Image of the banker in the 1990s: Bankers got an even worse image in the 1990s. They are greedy and have not given timely warnings of the bursting of the dot-com bubble. On the other hand: If there are no greedy necks, there is nothing to stuff. If fewer customers had been so willing to speculate, less risky deals would have come about. But nobody wanted to hear that. The 90s are the systemically important lead-up to the real estate crisis.
Slogan of the decade: "Your money has to work for us" was the slogan of a Swiss bank. With this slogan comes a cultural change. Anyone who wanted to get rich with honest hands up until the 1990s has now been declared crazy. That was not only due to the bank, but also to the zeitgeist.
At some point you no longer knew what you owned and what it was actually about.Author: Ueli MäderSociologist
The zeitgeist was called: Money work out of itself in the form of shares and achieve fantastic profits. “The customer type has changed significantly,” says Ueli Mäder, professor emeritus for sociology at the University of Basel. Ordinary people began to speculate, cash in on their savings, and watch stock market programs. "Individuals did the same from the operating room," says Mäder.
From the mid-1990s onwards, investments were made in startups from the fast internet industry. Keyword: Dotcom. Trading itself also became faster and more virtual. The next step was “High Frequency Trading”: “Trading in fractions of a second. It was about “arbitrage”, the smallest price differences in currencies, options or stocks. And it was about the smallest time window to take advantage of fluctuations, ”explains Florian Wettstein. «That was extremely volatile.
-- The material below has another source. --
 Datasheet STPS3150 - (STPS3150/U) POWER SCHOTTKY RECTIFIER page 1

Huge amounts of stocks were bought and resold in seconds with low margins, where perhaps only a penny more could be obtained. But the enormous amounts made it then. There was no room for human or social considerations. It became more and more competitive. "
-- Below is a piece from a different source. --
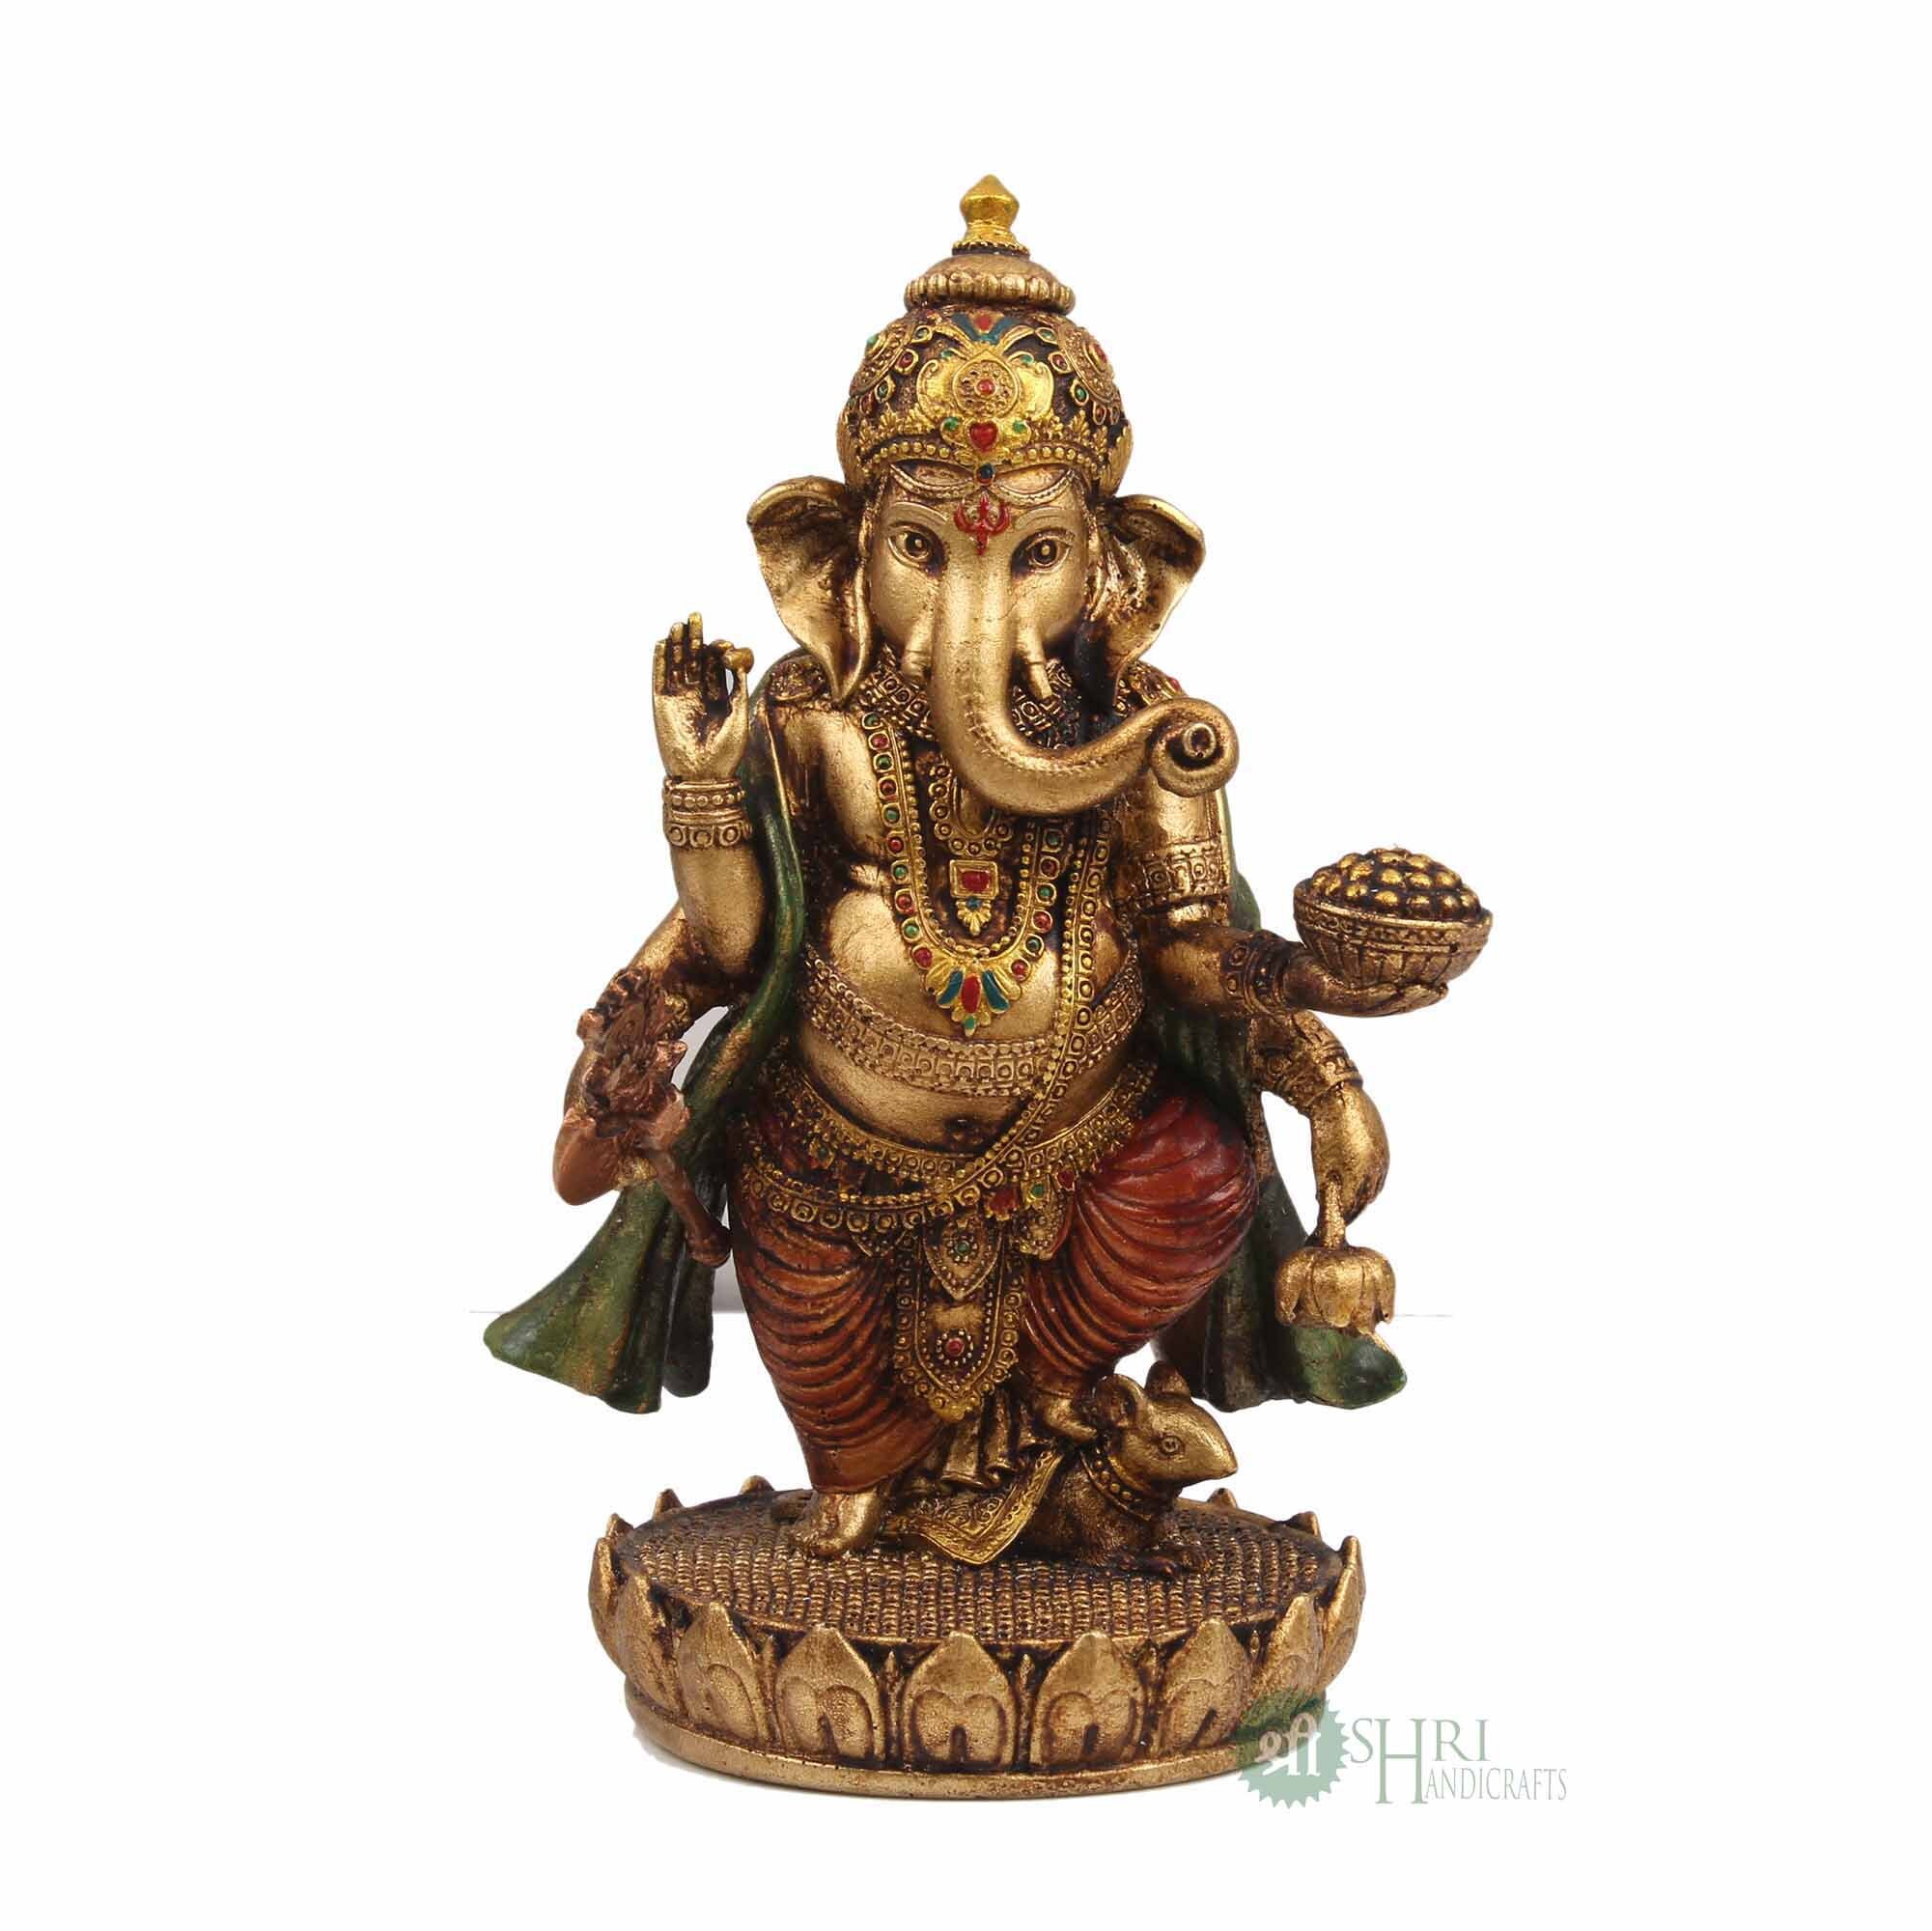 Lord Ganesha standing Ganesh Statue hindu Elephant God good | Etsy India

This cultural change is almost more decisive than the structural one, says Wettstein: “In the 1950s, banker was still a profession like professor, lawyer, doctor. They did what's good for us. With neoliberalism, this assumption is replaced by an understanding of the profession, which means that what is good for me as a banker, the customer also benefits from it. Sometime. That is the core of the change. "
"The concept of property is eroding during this time," says Mäder: "At some point you no longer knew what you owned and what it was actually about."
On March 10, 2000, the party was over, dot-com stocks in freefall. Savings were gone. Pension funds went to their knees.
2000s: The real estate bubble and Lehman
In 2004, during George W. Bush's tenure, the US Securities Commission allowed all investment banks to finance their businesses entirely on credit. This increases the possibility of taking greater risks and also doing business that exceeded the equity cover. For customers, this meant that the protection of their funds was even less.
Symbolic figure of the banker in the 2000s: In films thematizing these years, bankers appear as a faceless mass. Michael Burry, a fund manager who predicted the bursting of the real estate bubble in 2005, could be an exception and a symbolic figure. Christian Bale plays this Burry in the film "The Big Short" as a freak with Asperger's Syndrome.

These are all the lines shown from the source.